-- Opening Marker --
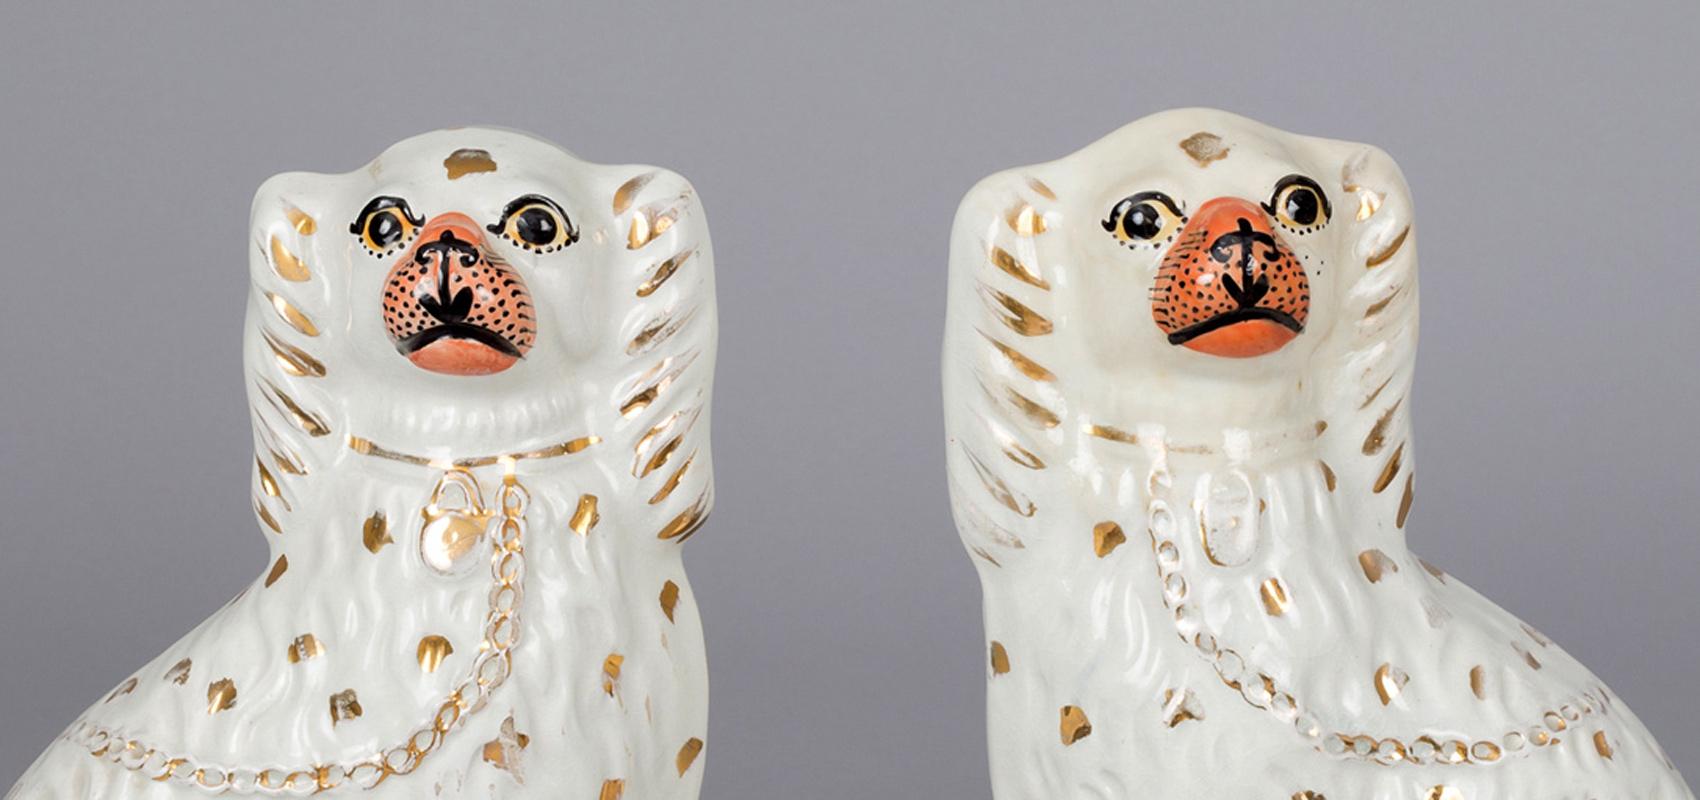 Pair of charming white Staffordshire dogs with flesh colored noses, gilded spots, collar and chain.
-- Closing Marker --
-- Opening Marker --
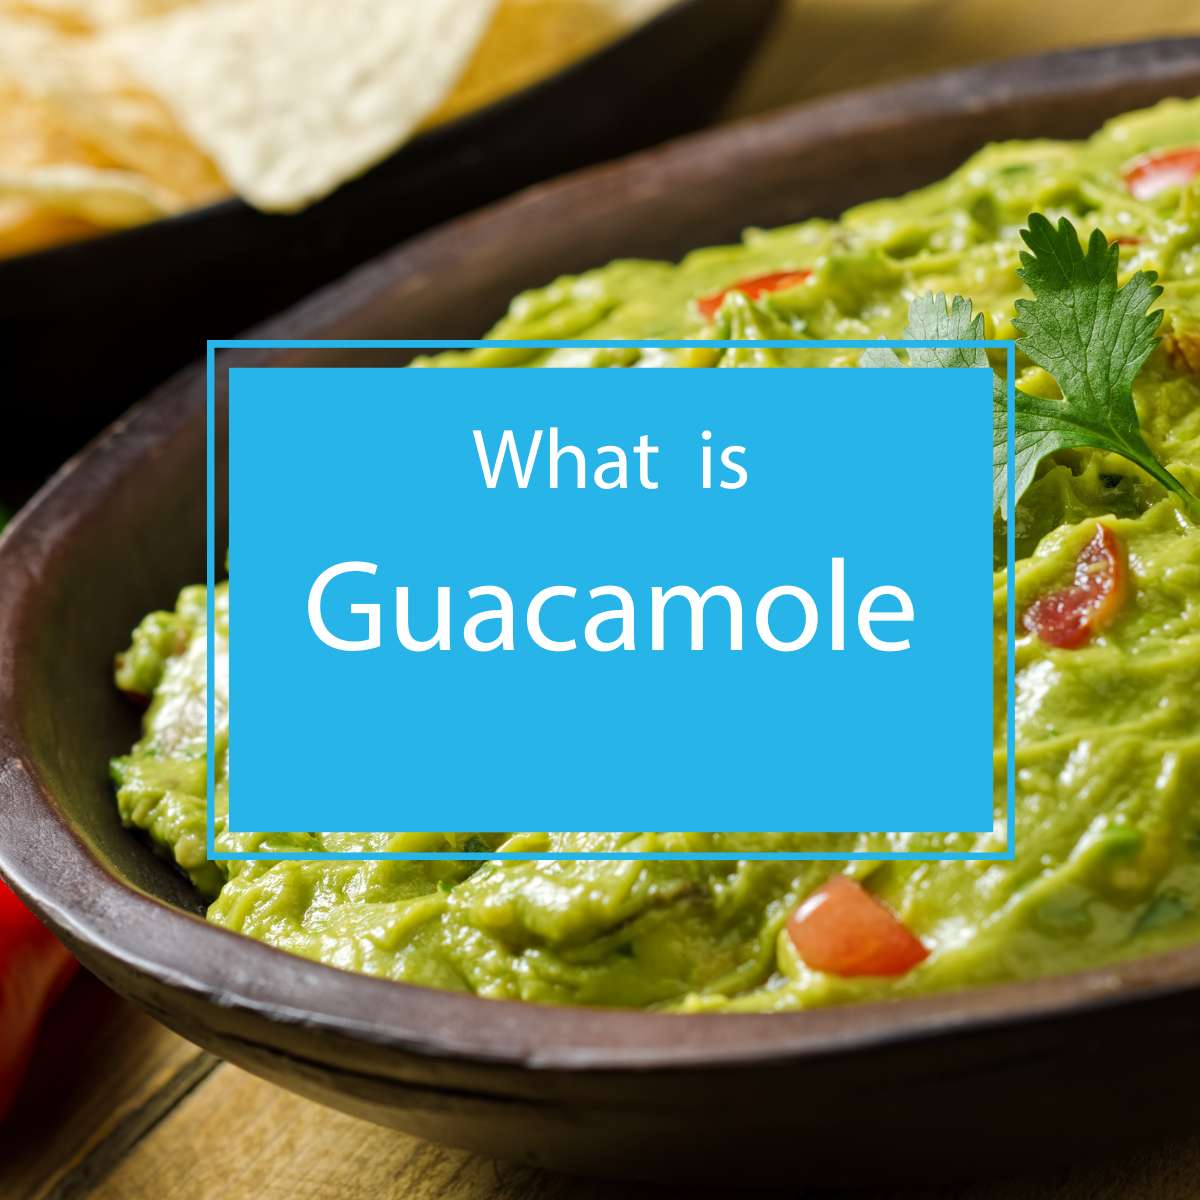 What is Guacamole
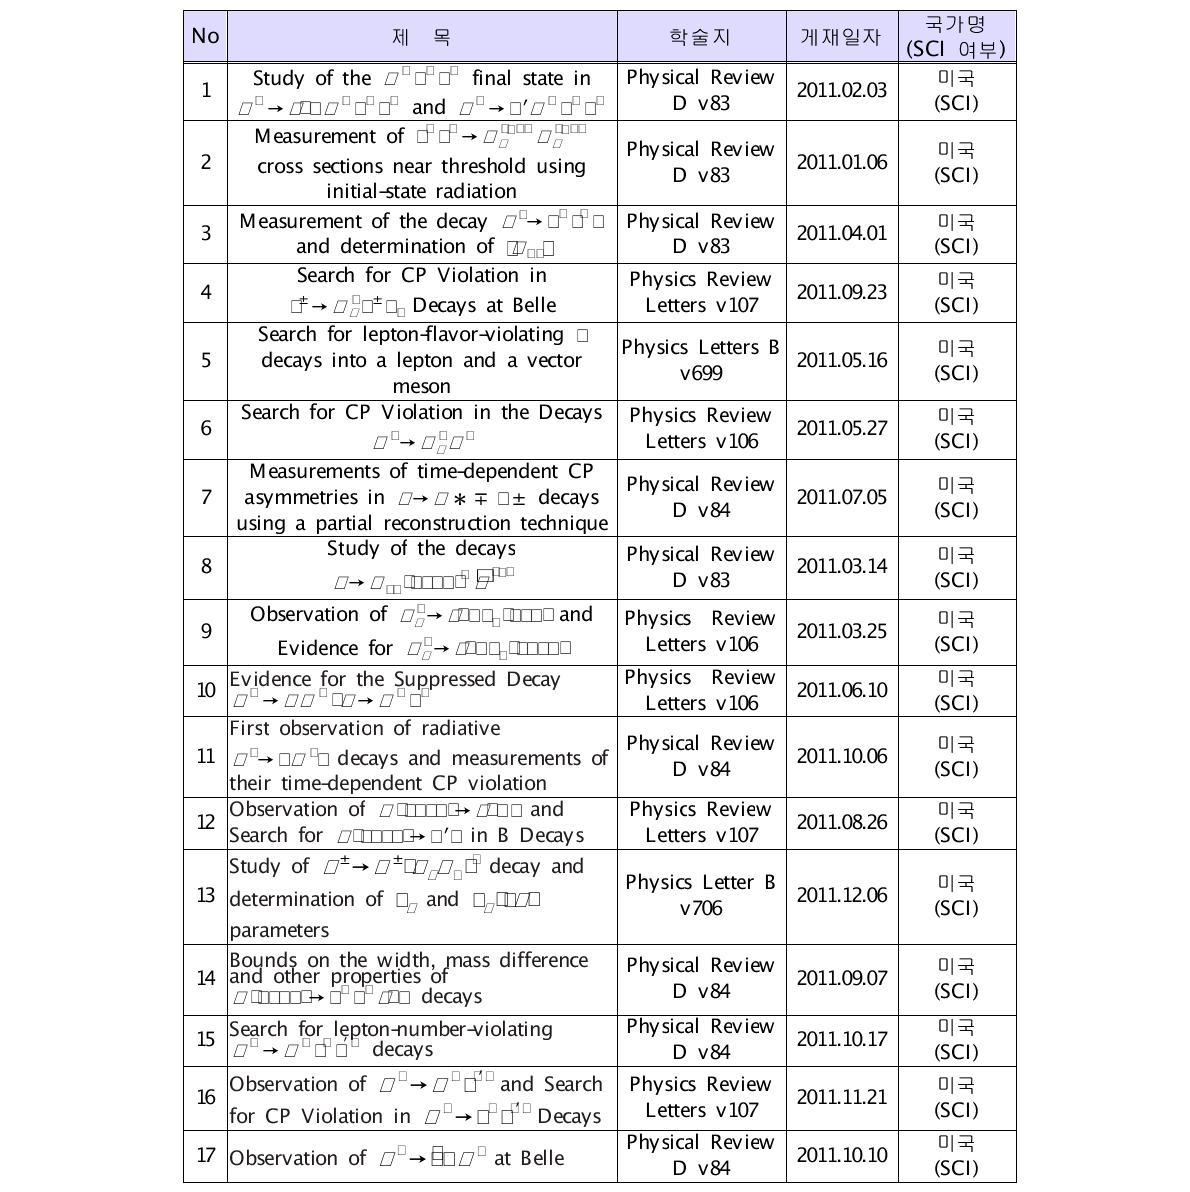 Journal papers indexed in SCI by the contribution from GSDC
-- Closing Marker --
**Task item:**
Give back, exactly and without pictures, the stretch of the records above from the line containing "What is Guacamole" through the line containing "Journal papers indexed", with both end lines included.

**Finished exercise:**
 What is Guacamole
 Journal papers indexed in SCI by the contribution from GSDC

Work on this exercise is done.